Yes, you’ll have to flush and stall for old fashioned ReadPixels. But the truth is that if you compare the times, what you lose to that flush is utterly insignificant compared to what you lose on the actual readback.

If you do that once per frame, the driver won’t have the opportunity to buffer (and, as a result, flush on ReadPixels) more than one frame anyway.
You can spend 22 cycles per fragment for fancy shaders before the two metrics pull even.
That’s potentially 22 wasted cycles per fragment, only because ReadPixels is so dog slow.

I really think readback bandwidth is to be fixed first.

barthold · April 20, 2004, 10:07am

Originally posted by Won:
[b]Thanks qzm.

Nutty –

There is no reason why ReadPixels shouldn’t be fast. NV and ATI fail to take advantage of AGP transfers in that direction, being long-optimized for being texturing machines. 3Dlabs does use AGP ReadPixels, which is quite fast (fast enough that the lack of async readback might not be an issue).

-Won[/b]
Won, if you need async transfers they are available on the Wildcat 6110/6210 and 7110/7210 when using the image buffer extension. Essentially this extension lets you associate an event with the completion of a ReadPixels/DrawPixels or TexImage/TexSubimage command. These commands will now return immediately to the application while the transfer is in progress. The spec is at: http://oss.sgi.com/projects/ogl-sample/registry/I3D/wgl_image_buffer.txt

Barthold

Won · April 21, 2004, 3:41am

Tzupy –

Way to visit the webpage. You’re going to have to figure out the rest on your own.

Barthold –

I think someone from 3Dlabs (possibly you) mentioned this in a teleconference once. The reasons why I cannot use the Wildcat is because fast, async readback isn’t the only feature I need, but is the one that is typically missing from consumer-level video cards.

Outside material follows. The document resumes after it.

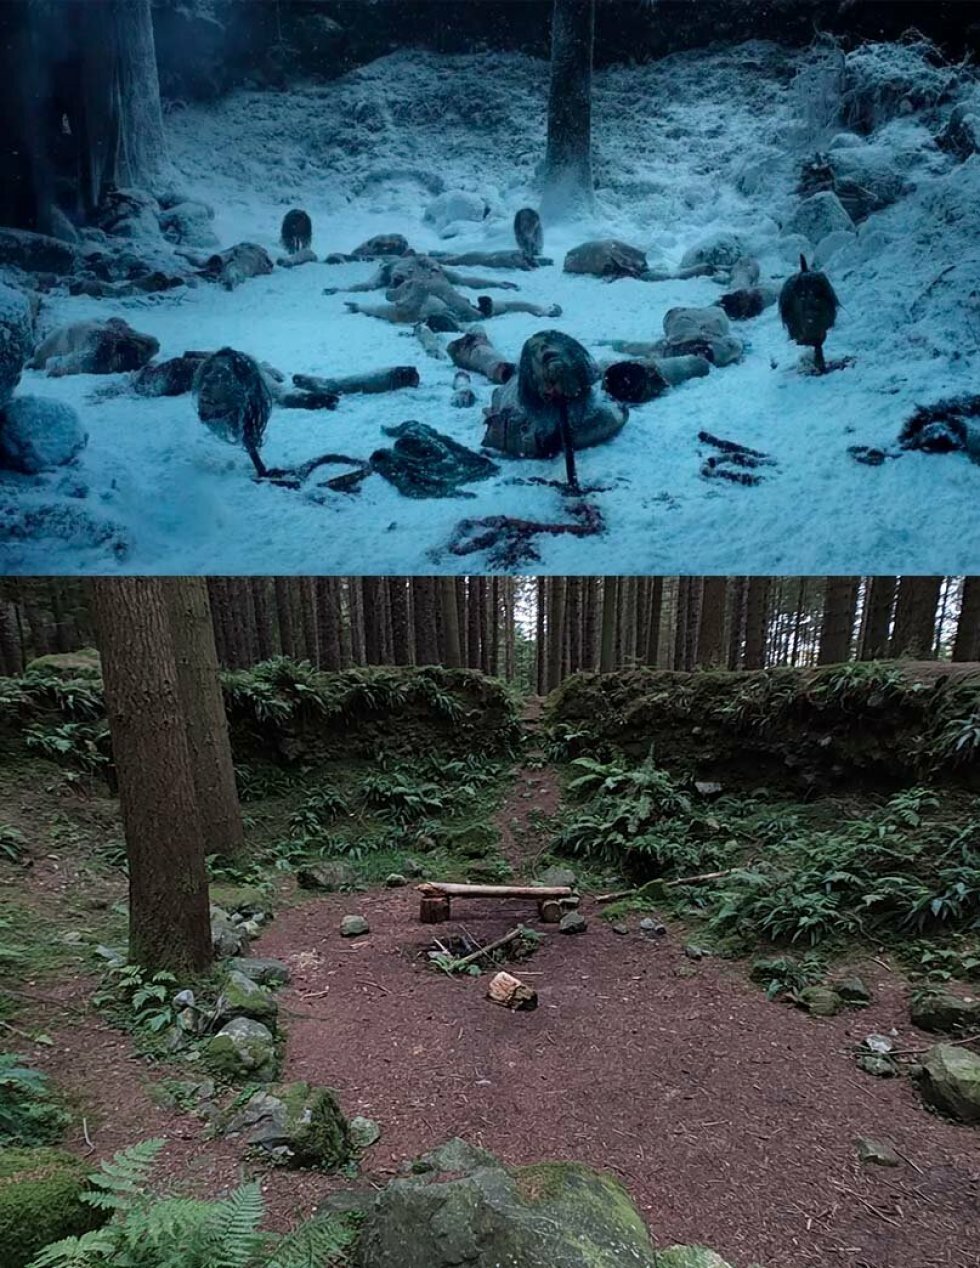 Øverst, Game of Thrones, S1 - HBO - Nederst: Tollymore Forest-lokation IRL - Rejseguide: Nordirland den ultimative Game of Thrones-destination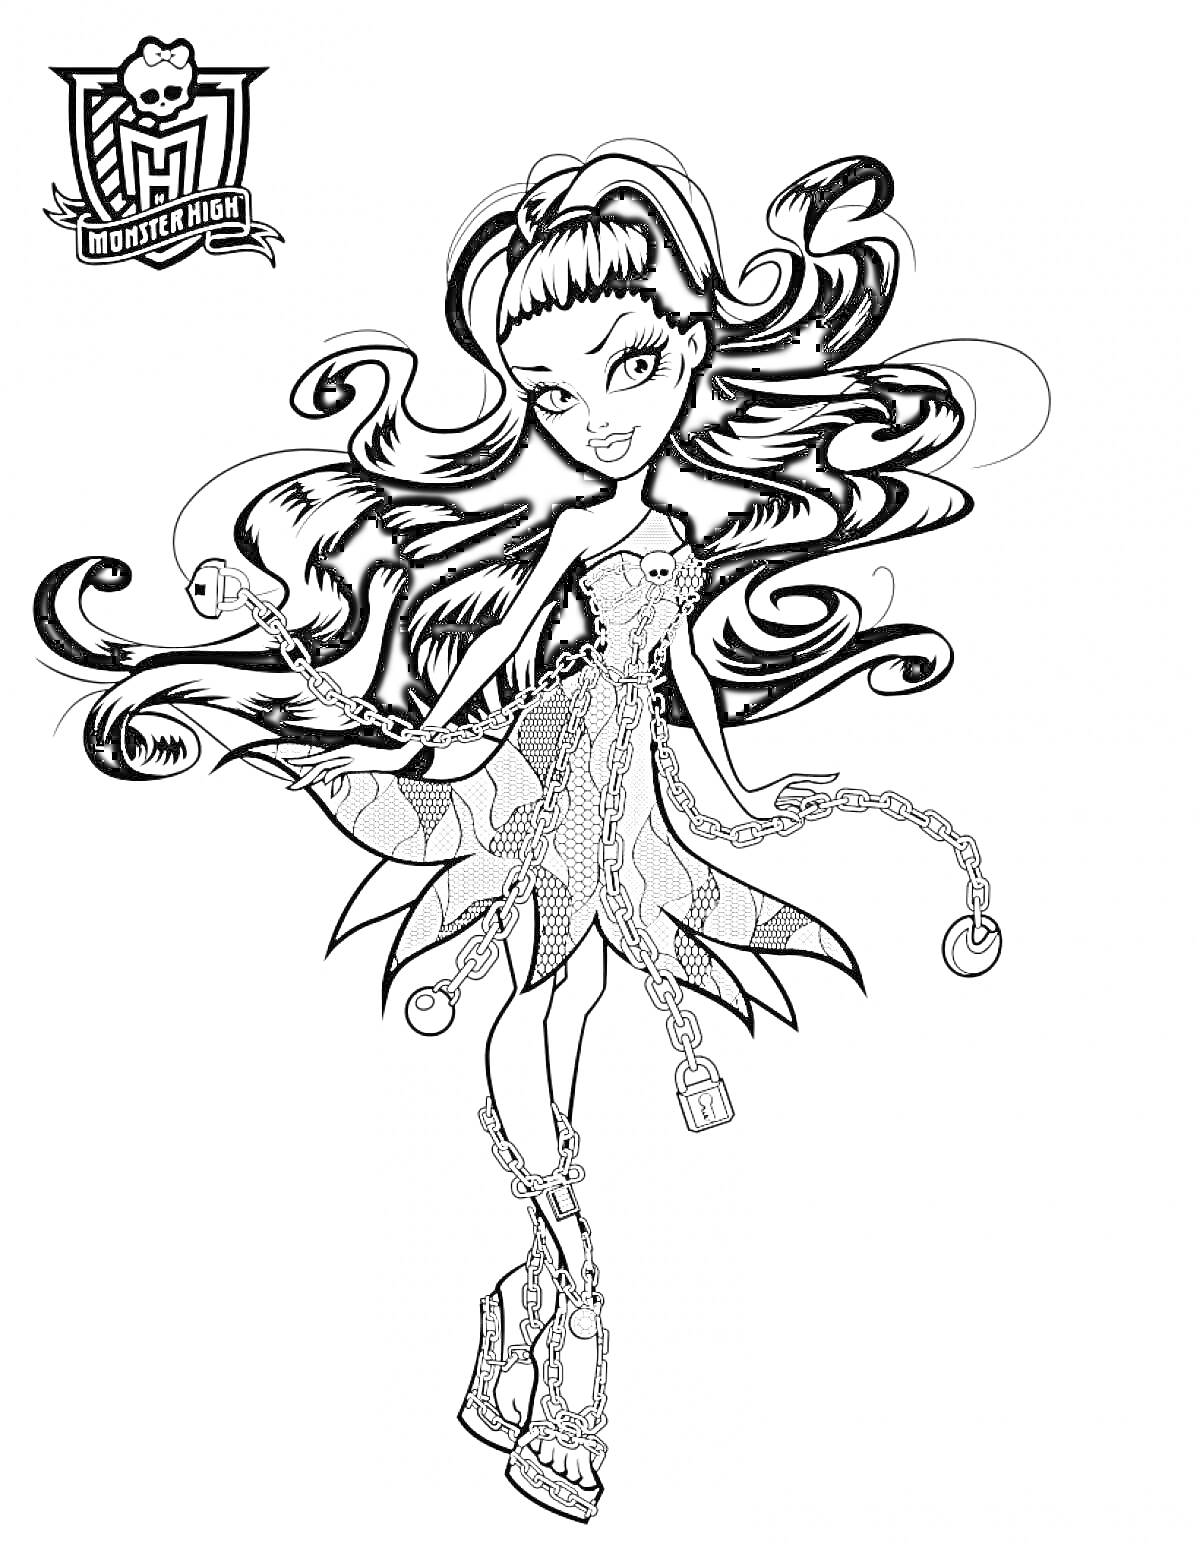 Раскраска Монстер Хай Призрачно, девушка с длинными волосами, цепи и замки на платье, высокие каблуки с шипами

The P10 VPUs are probably good enough, and hopefully the newly announced P20 is better (hey kids! check out www.3Dlabs.com for the new whitepaper) but more options are good, particularly since 3Dlabs boards are typically more expensive than the NVIDIA/ATI options.

-Won

imported_Adrian1 · April 24, 2004, 2:52pm

Originally posted by Adrian:
I did also email one of the NV40 reviewers and ask them to run a readpixel benchmark but I havent had a reply yet.
He replied. He doesn’t have the card anymore but he hopes to get it back “sooner or later” and will run the benchmark then. He also said he will run it with the new ATI card when that arrives. I will post the results when I get them.